I googled a crisis hotline. I think when worst comes to worst I might call. But the possibility of calling them is making me uncomfortable. Maybe in the meantime this could help while I go look for a psychiatrist I can talk to. I feel really apprehensive about this.

 

But I am scared of getting worse. We have a history of mental illness that runs in our family, I have two aunts (sisters) who were diagnosed with schizophrenia. I am terrified that this runs in my blood.

 

All my fears are totally crippling me.

 

I'm not saying tell them anything that you would discuss in counseling, that's private and between you and your therapist. I meant telling someone about your depression, someone to rely on when you need a hug, need a friend just to be there so you won't feel so alone.. When my anxiety got really bad, there were days I couldn't even go out far on my own yet having someone with me made me feel safer.
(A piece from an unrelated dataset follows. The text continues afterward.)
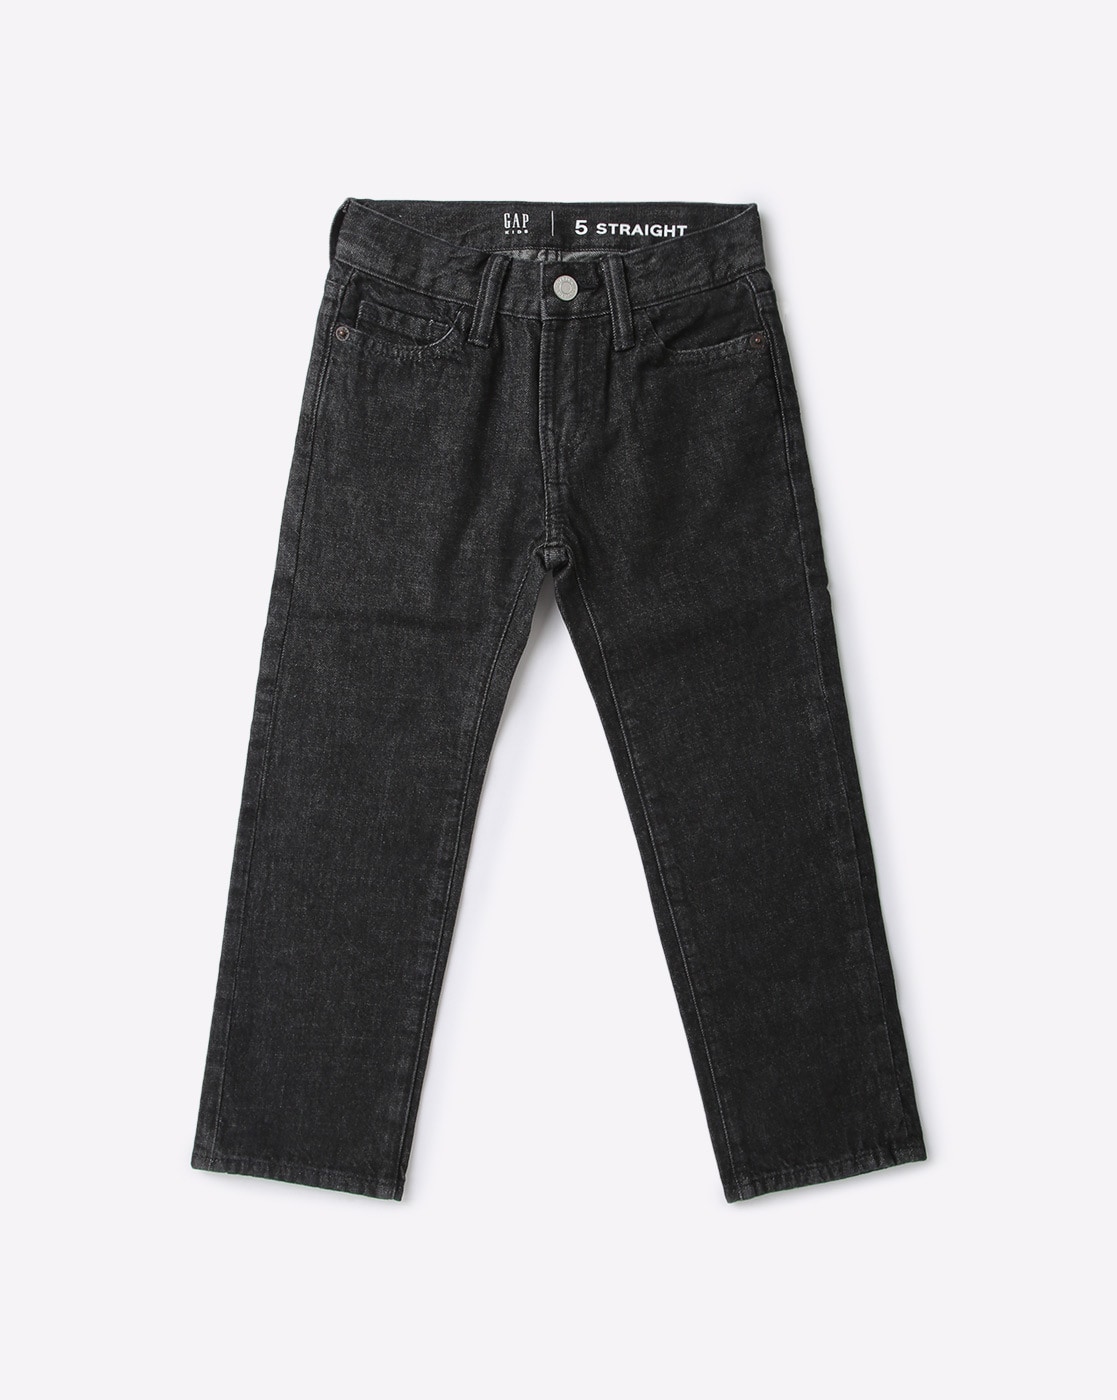 kidsclosetyxe, Lot 59- 2-3 Zara jeans , 3y Gap light wash, 3y black jean/  pants, 3y Gap jeans- $20
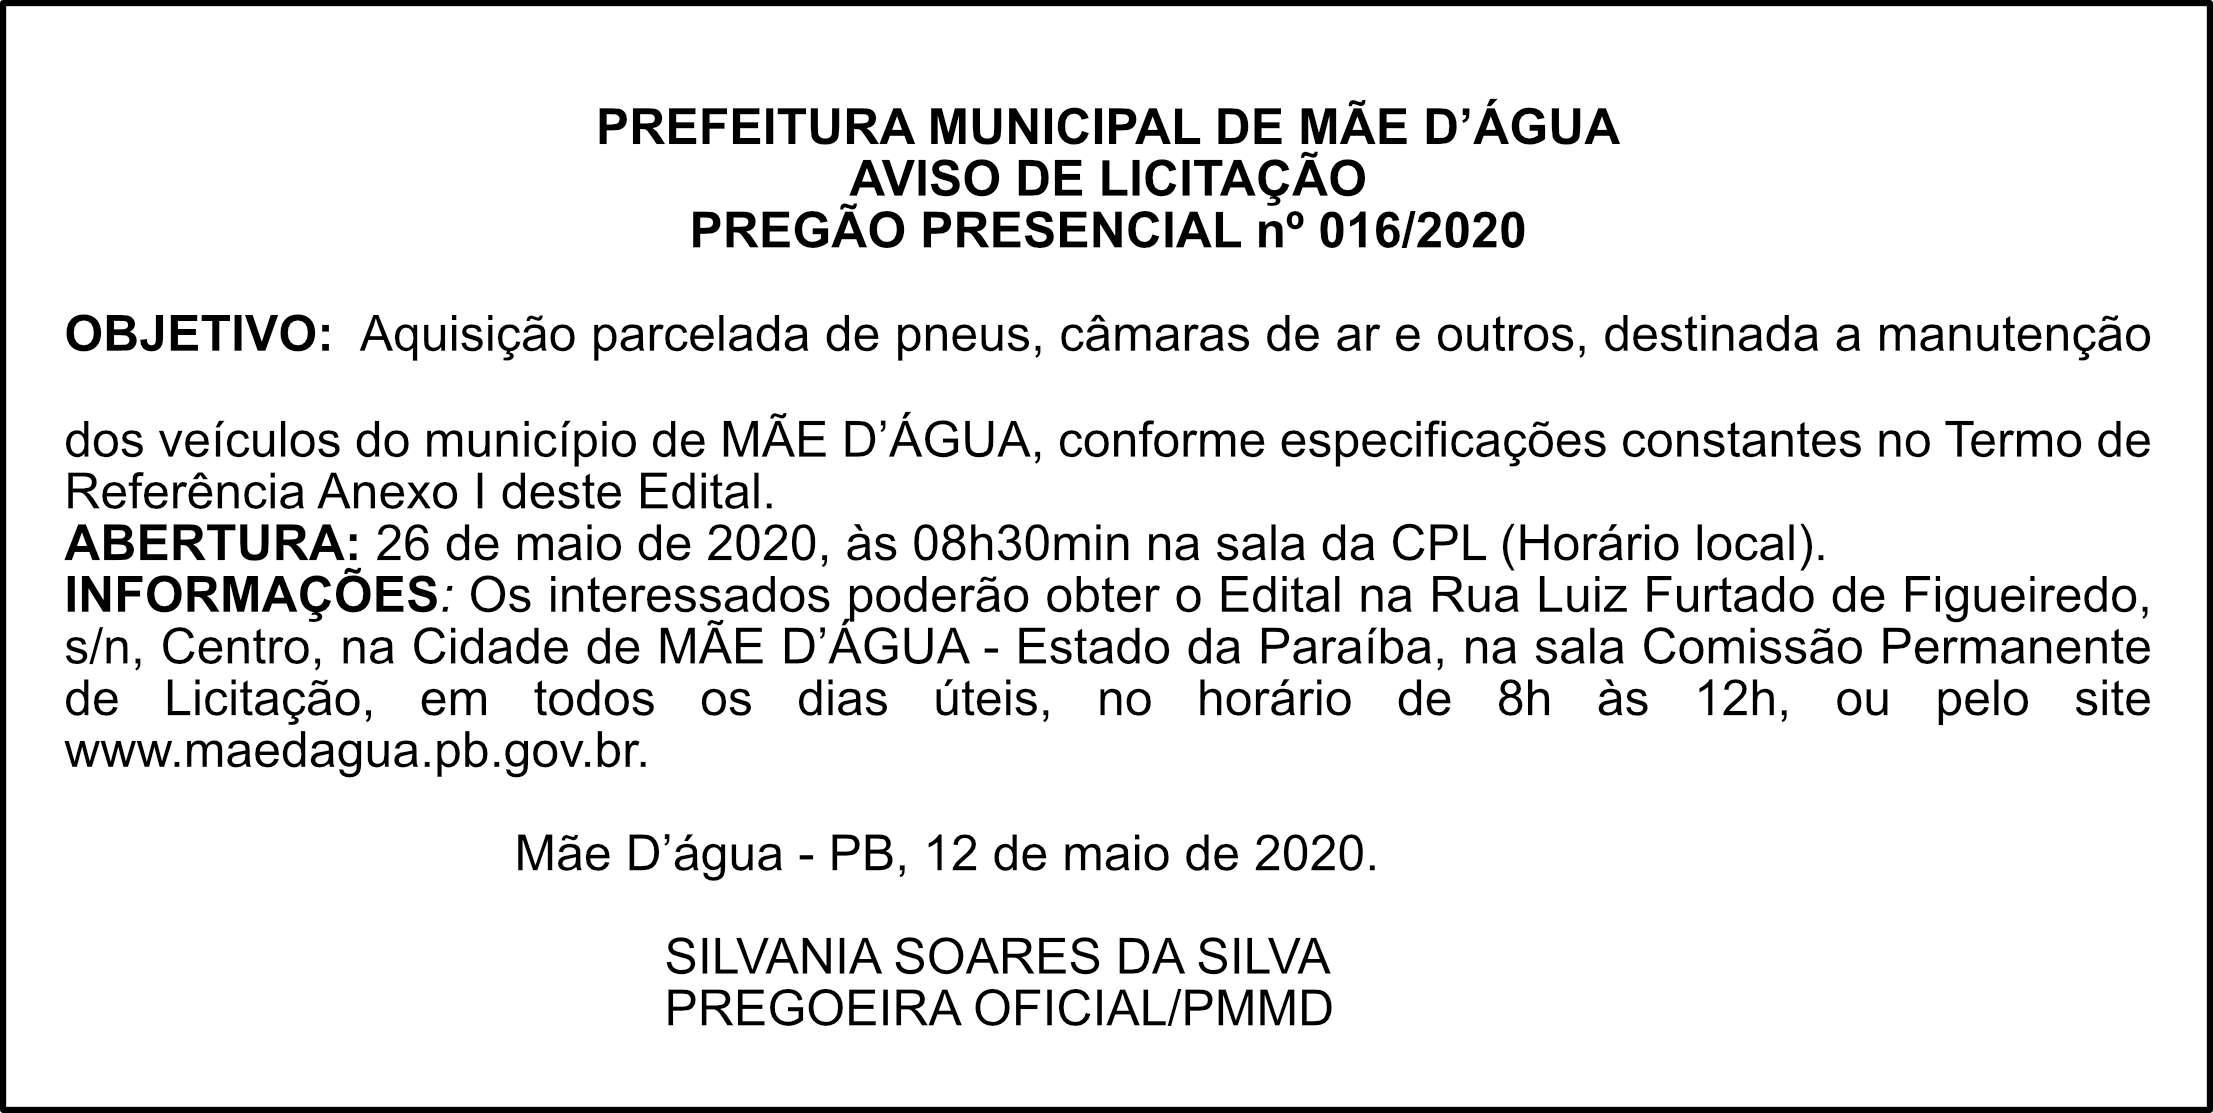 PREFEITURA MUNICIPAL DE MÃE D’ÁGUA – AVISO DE LICITAÇÃO – PREGÃO PRESENCIAL Nº 016/2020

Just think about telling one person, whether it be a family member or a friend. They all love and care about you.

 

I do get the not wanting to be judged, talked about etc but this is serious stuff, especially since mental illness runs in your family, all the more reason to be aware, get help before it gets worse.

 

May I ask how old you are?

 

All I know is, at some point in life, most suffer from bouts of anxiety, depression etc, and it can be dealt with by meds and counselling. Please speak to your family Dr, they can recommend someone for you.

 

I am sorry that you are going through this, just know you're not alone. Do call that hotline if need be.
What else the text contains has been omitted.